My teacher, who I respect greatly, suggested a long retreat of 30 days which I embarked on for the whole month of April this year.
The retreat was difficult at times for my body as I am 63 and have some medical problems...but I was very happy and did not find the renunciation of home and family too difficult...Many insights came up.
In the last 5 days of the retreat my teacher became angry with my actions (though I am not really aware of what it was I did to displease him ..could have been a number of things).

In the dhamma talk session he called me a 'time waster' and repeated this criticism at the following session. At the interview session he was very angry and told me I 'was a long way from dhamma' and that no matter if I renounced my home for 50 days...years..I would never get anywhere. At the time I felt a flood of shame and stayed with the sensations...then that feeling passed rapidly and I went on with the moment by moment noting.

However, as the weeks have gone on I find I have a very tender heart. I feel confused. I have lots of thoughts coming up about being unworthy, failing, and of sadness and loss. My practice is not so full of joy. I am not sure of wanting to be with this teacher again.

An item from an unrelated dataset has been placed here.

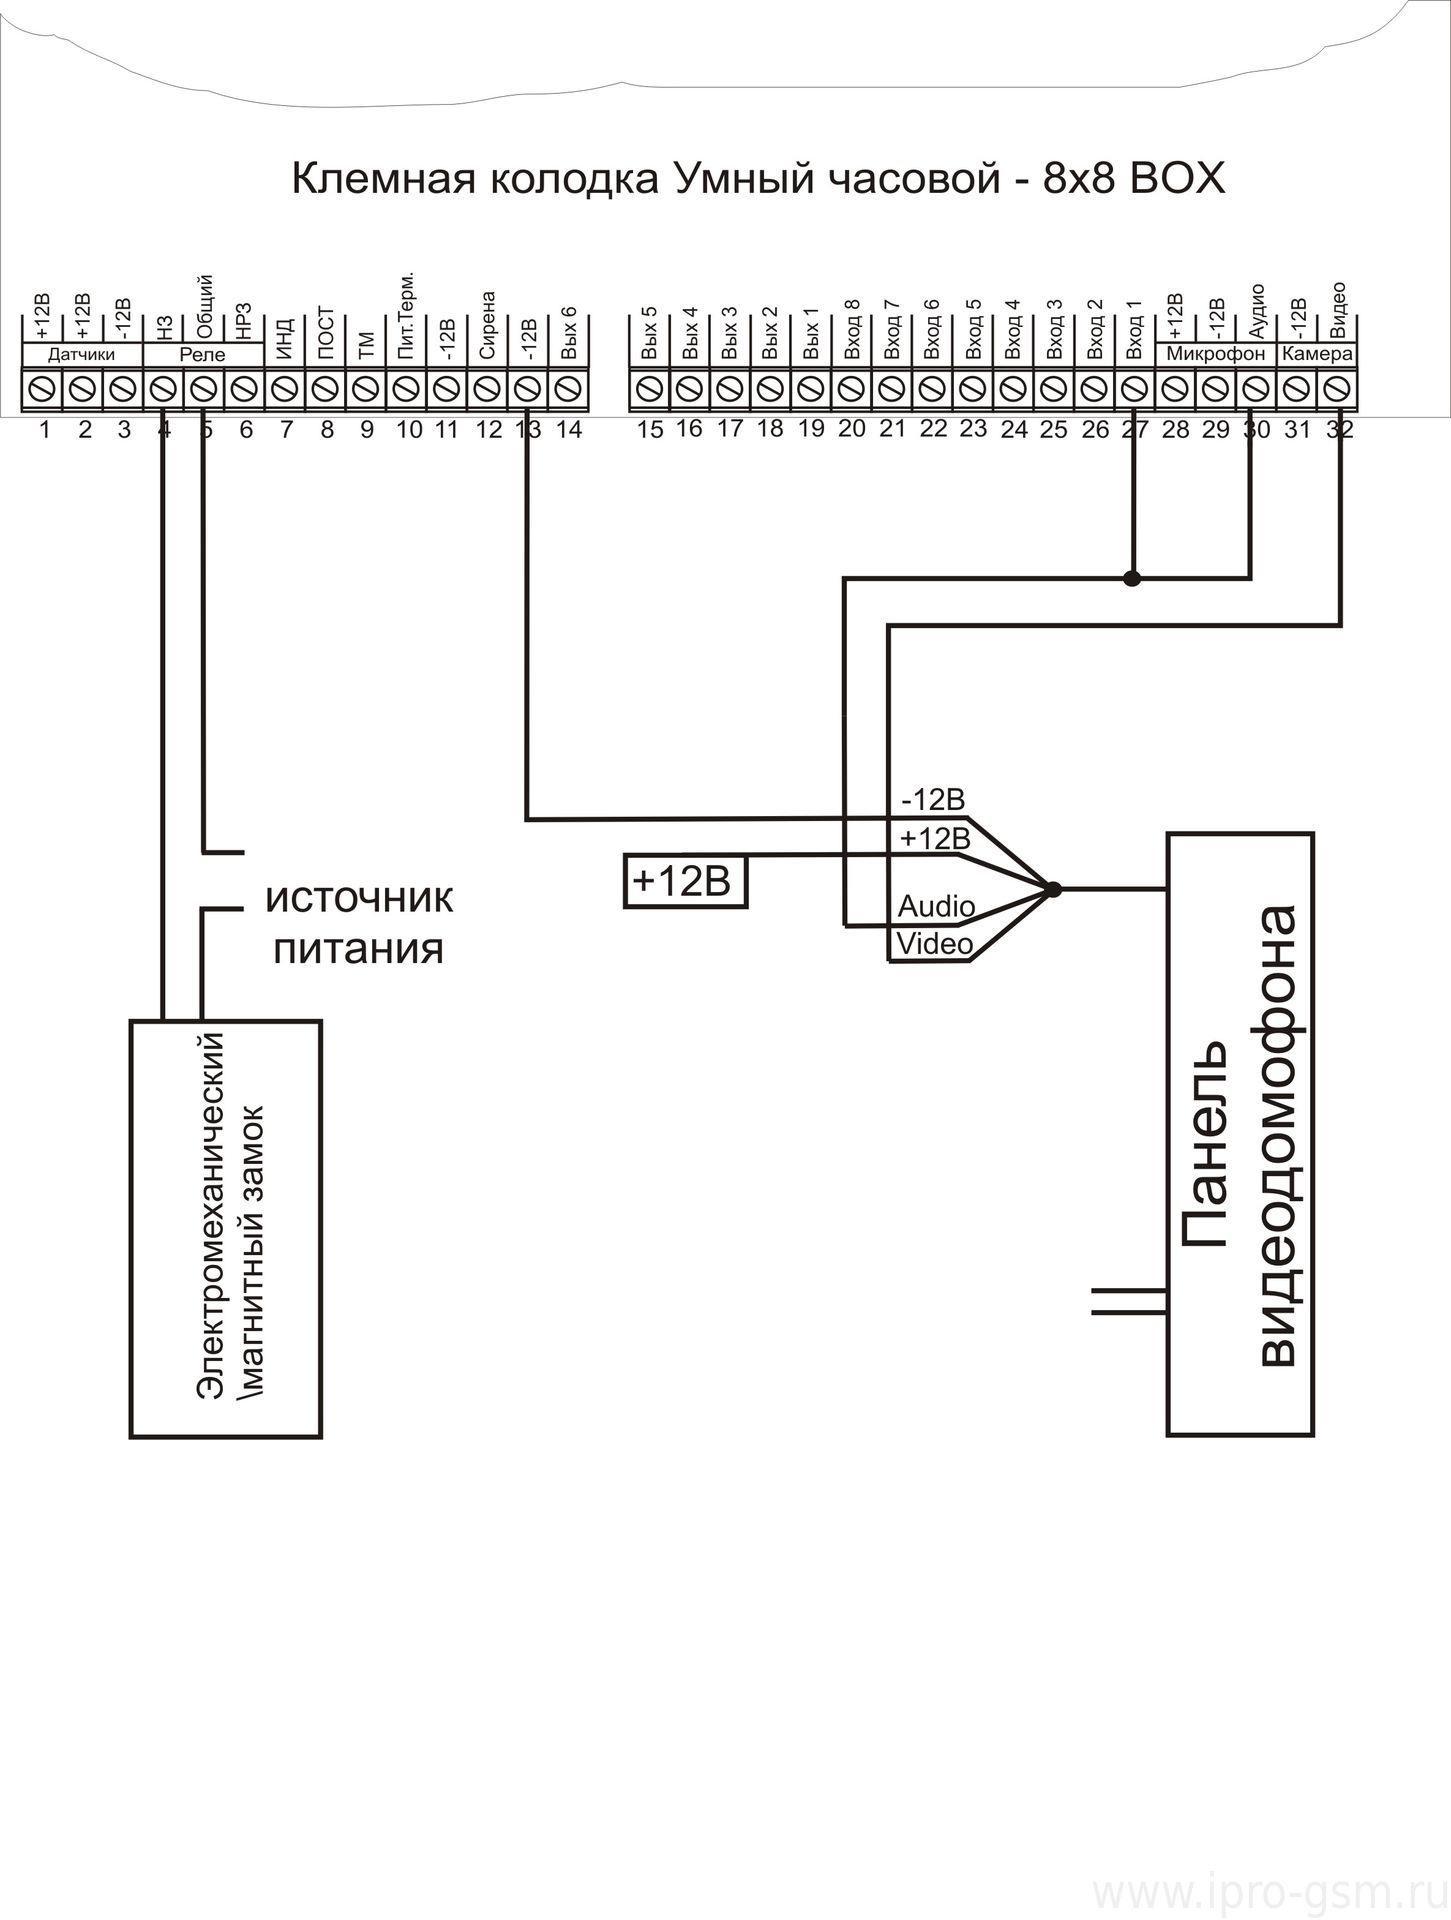 Схема подключения видеодомофона к 3G-MMS сигнализации Часовой 8х8 RF BOX

I take responsibility for my current situation...I am aware the teacher gives the lesson the student needs at the time.

This teacher is fierce...mainly with the women yogis....and there is no opportunity to discuss my feelings with him.
In this town a teacher is a rare jewel. I was lucky enough to find the Dhamma and the teacher...but there is lots of suffering for me at the moment.
I will continue to meditate and sit with these feelings.